• _RECORDED DATA_
=-=-=-=-=
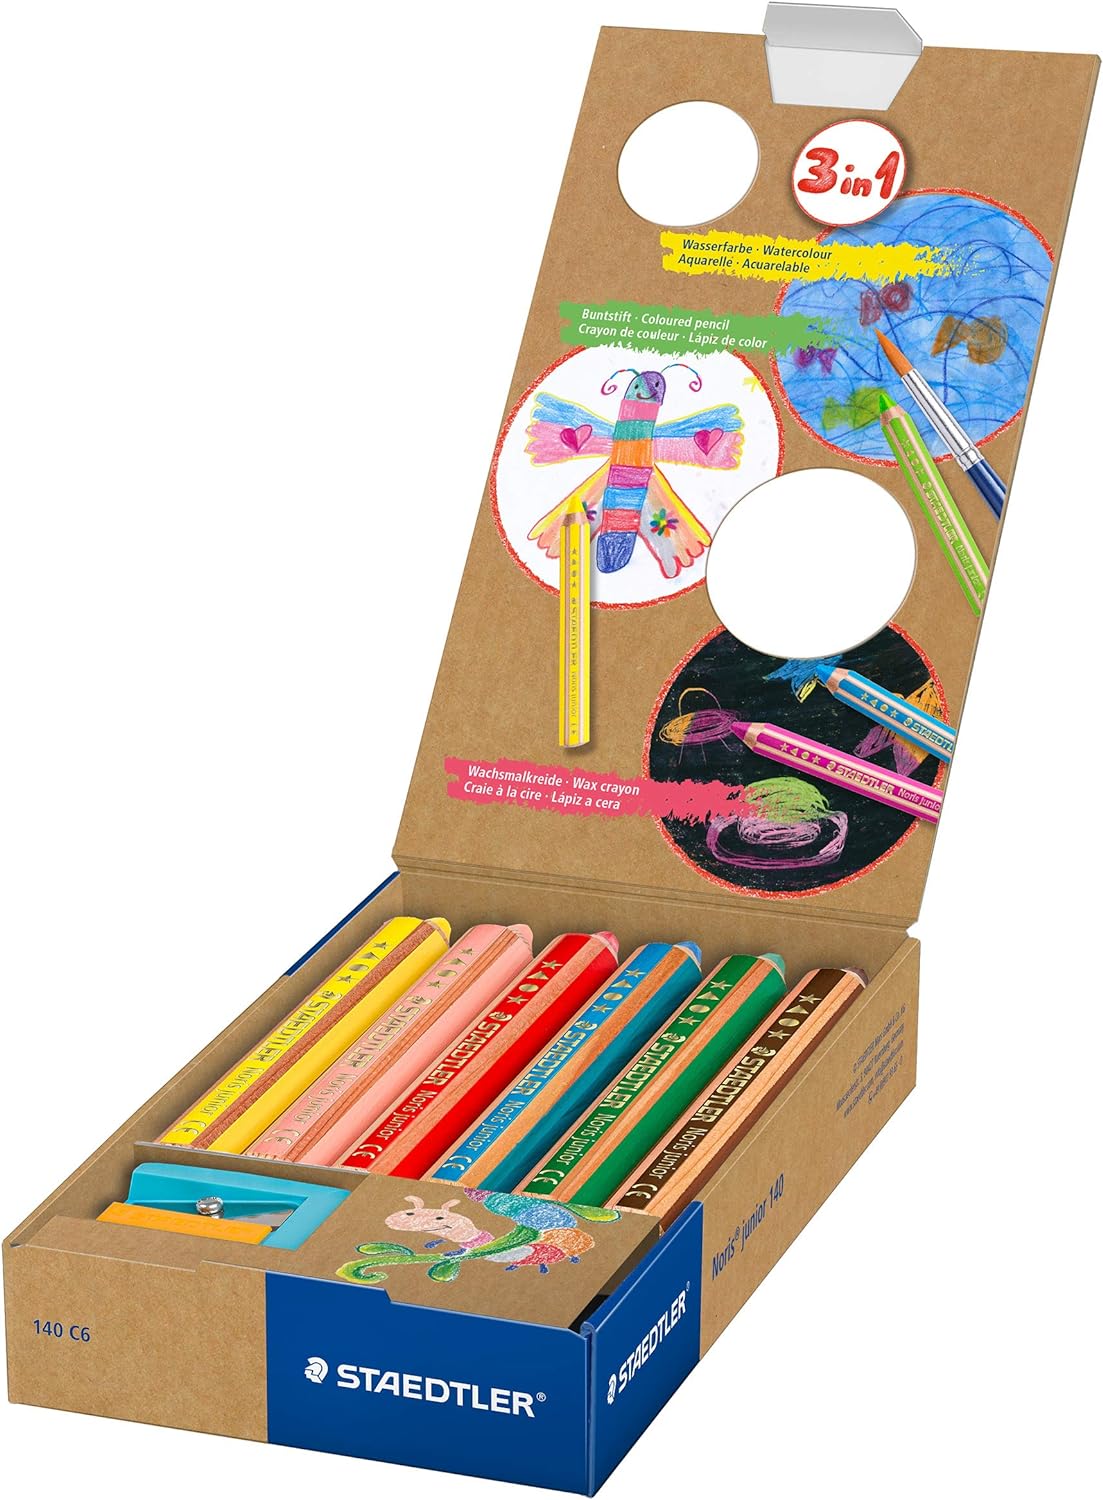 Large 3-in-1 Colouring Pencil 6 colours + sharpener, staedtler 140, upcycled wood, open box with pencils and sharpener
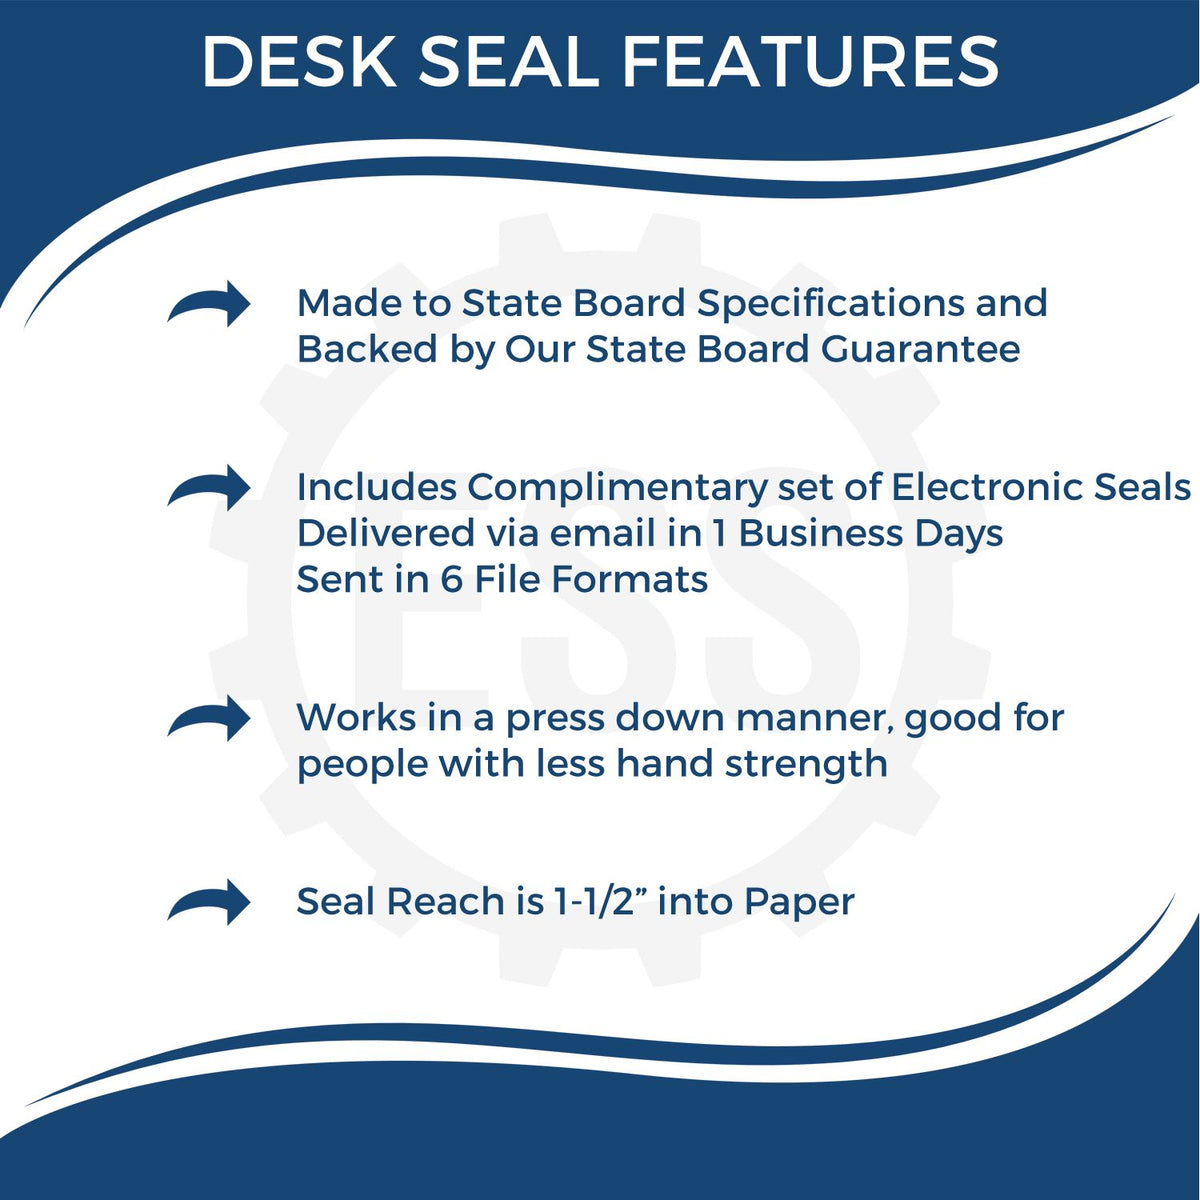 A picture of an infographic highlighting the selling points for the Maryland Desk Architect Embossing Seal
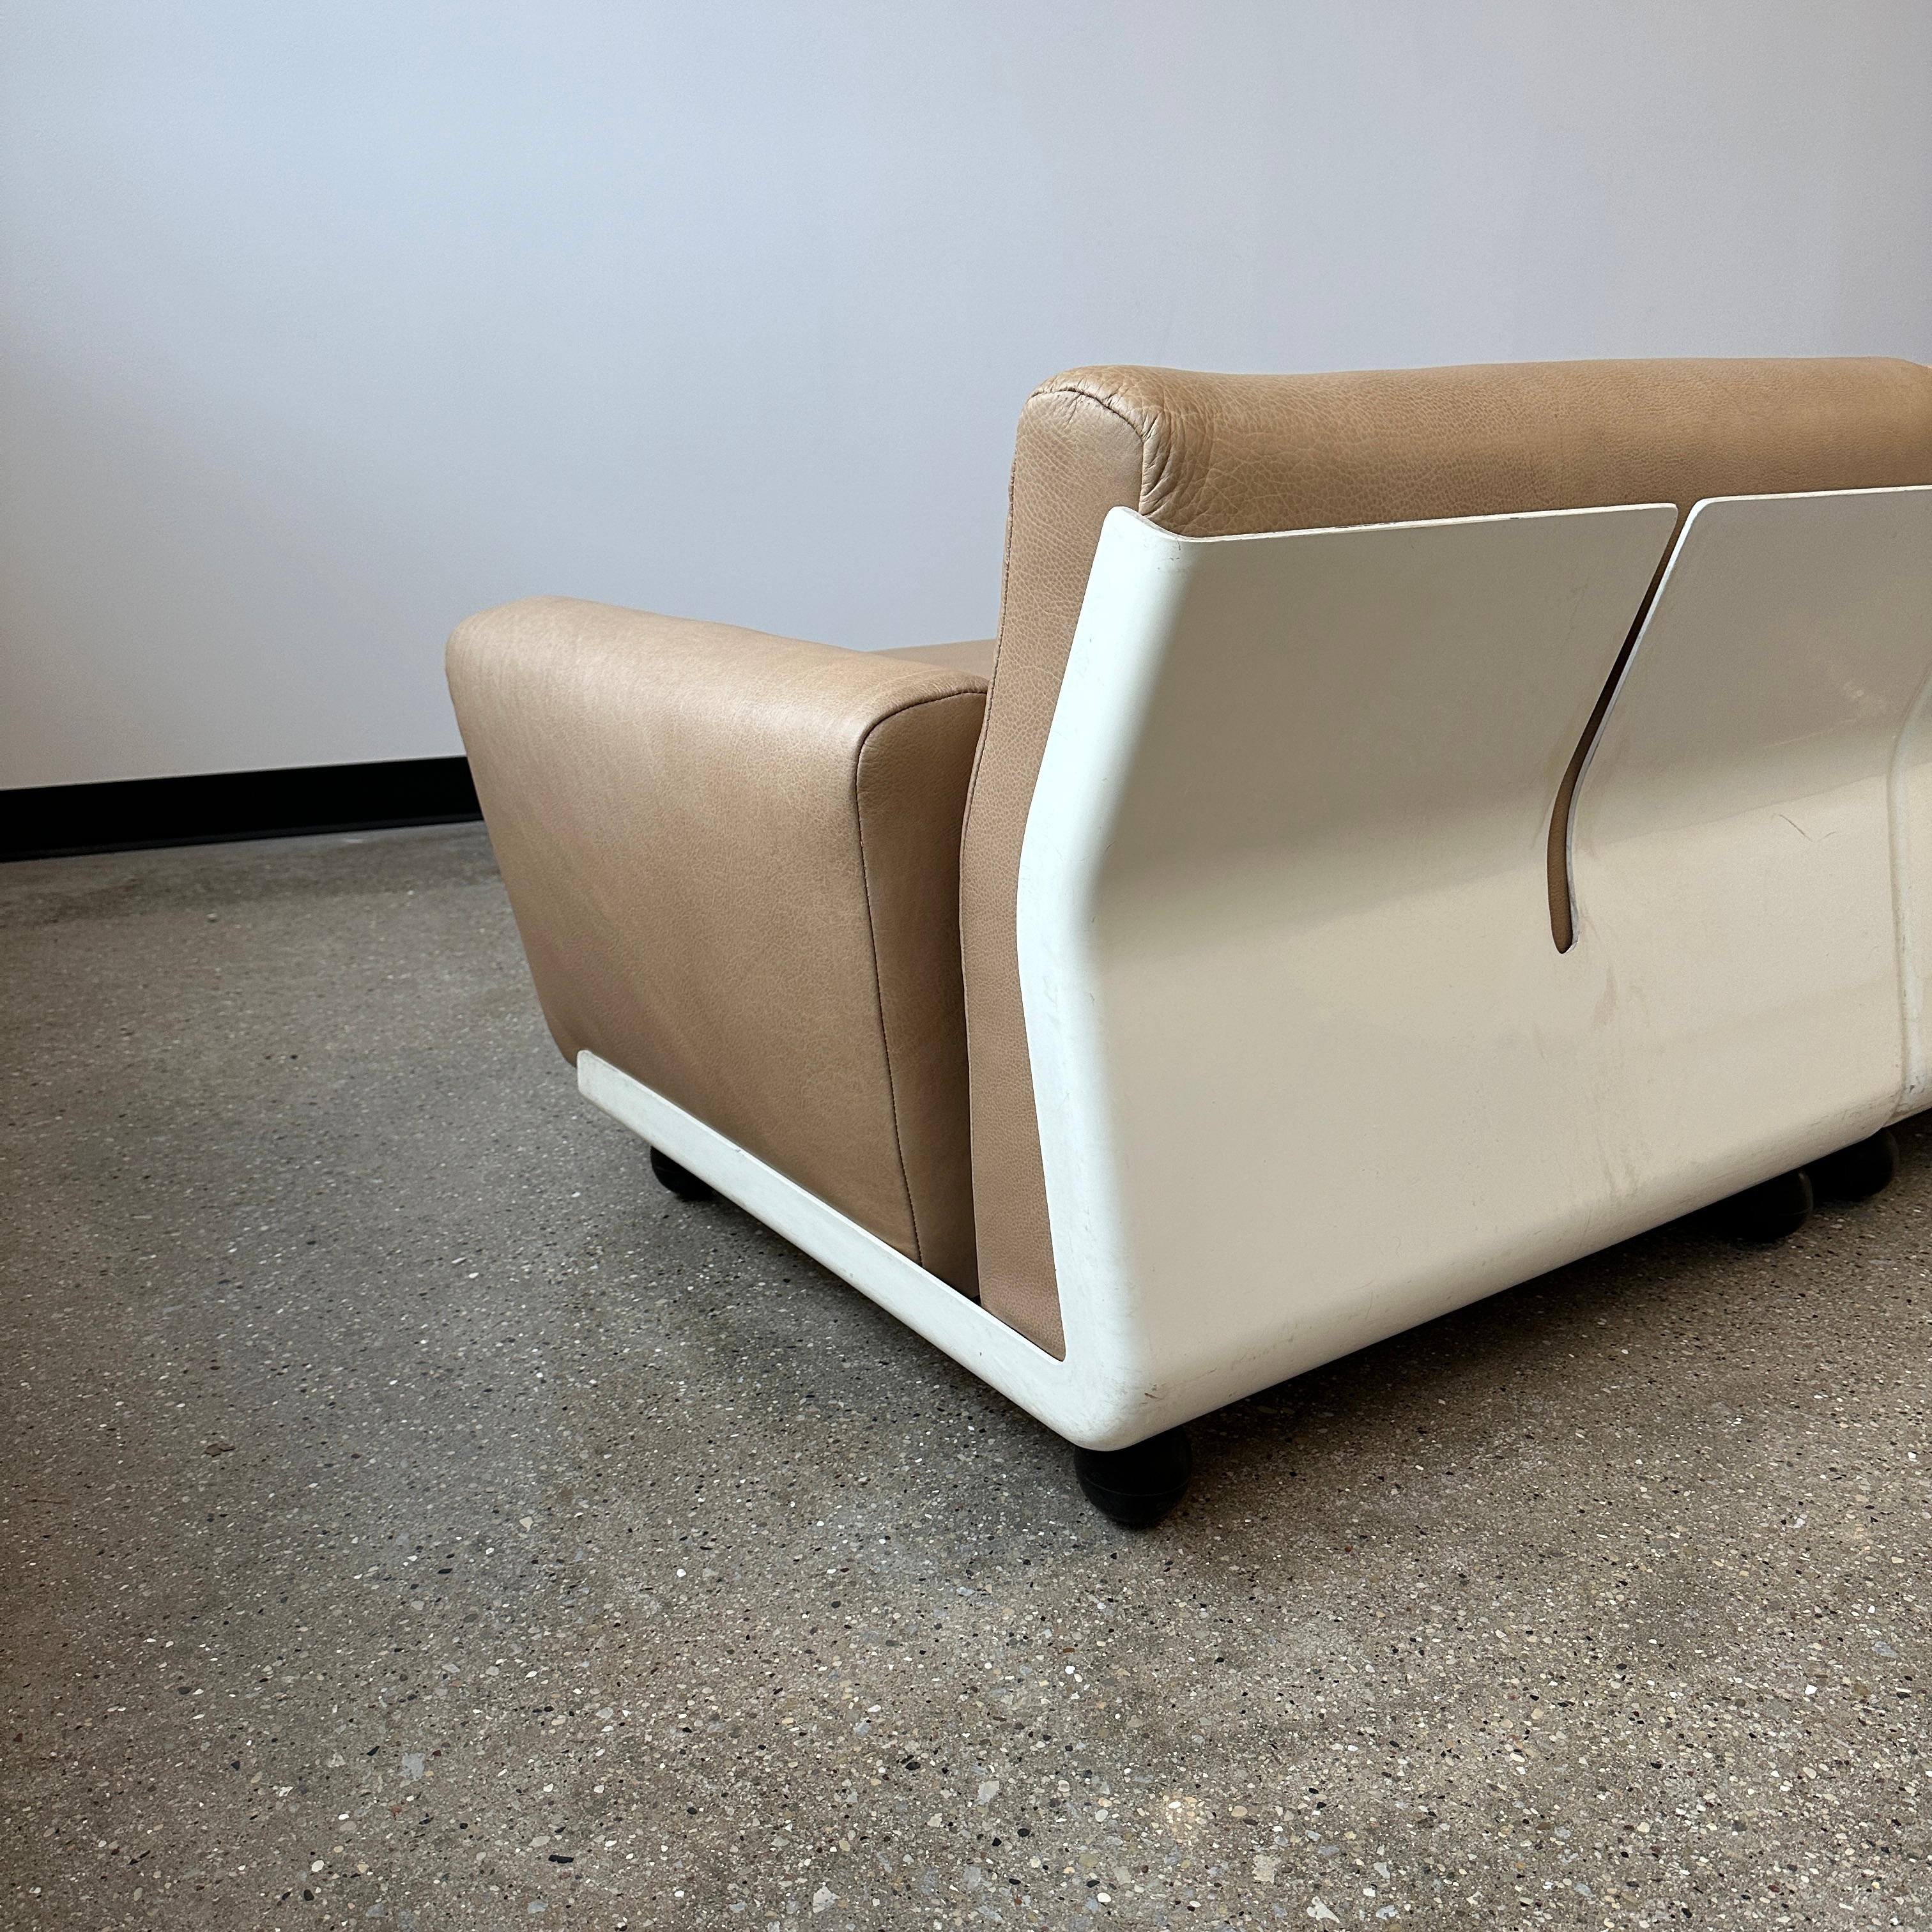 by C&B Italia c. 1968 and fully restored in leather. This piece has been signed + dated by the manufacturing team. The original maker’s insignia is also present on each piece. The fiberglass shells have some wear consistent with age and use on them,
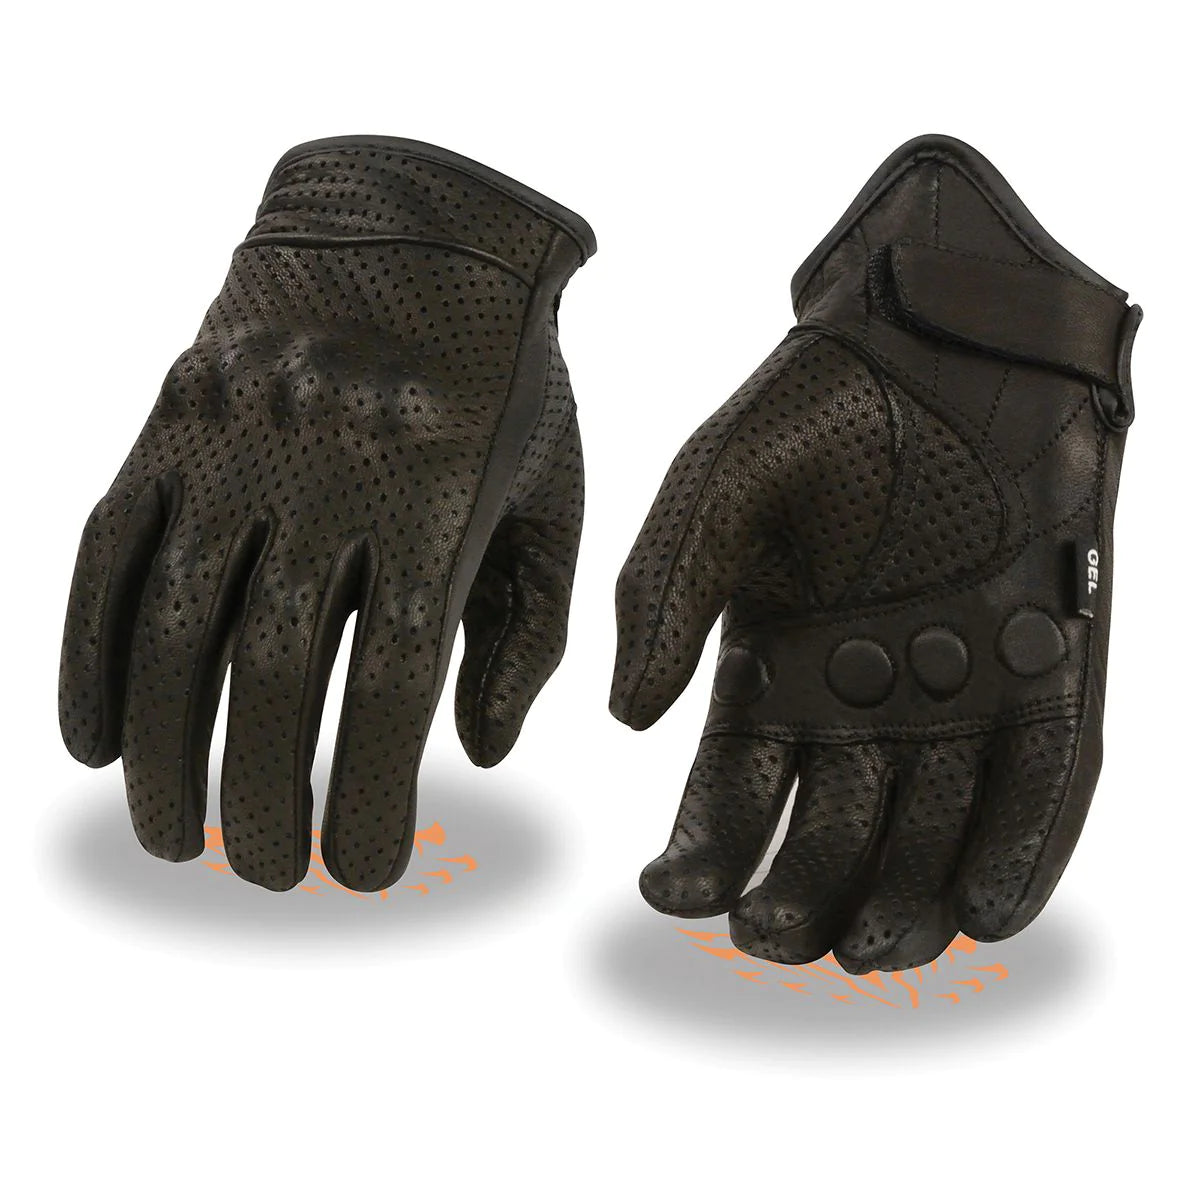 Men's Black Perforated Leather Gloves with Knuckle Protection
=-=-=-=-=
• _TASK INSTRUCTIONS_
None of the pictures belong in the copy; repeat all other material exactly.

• _EXERCISE SOLUTION_
 Large 3-in-1 Colouring Pencil 6 colours + sharpener, staedtler 140, upcycled wood, open box with pencils and sharpener
 A picture of an infographic highlighting the selling points for the Maryland Desk Architect Embossing Seal
 by C&B Italia c. 1968 and fully restored in leather. This piece has been signed + dated by the manufacturing team. The original maker’s insignia is also present on each piece. The fiberglass shells have some wear consistent with age and use on them,
 Men's Black Perforated Leather Gloves with Knuckle Protection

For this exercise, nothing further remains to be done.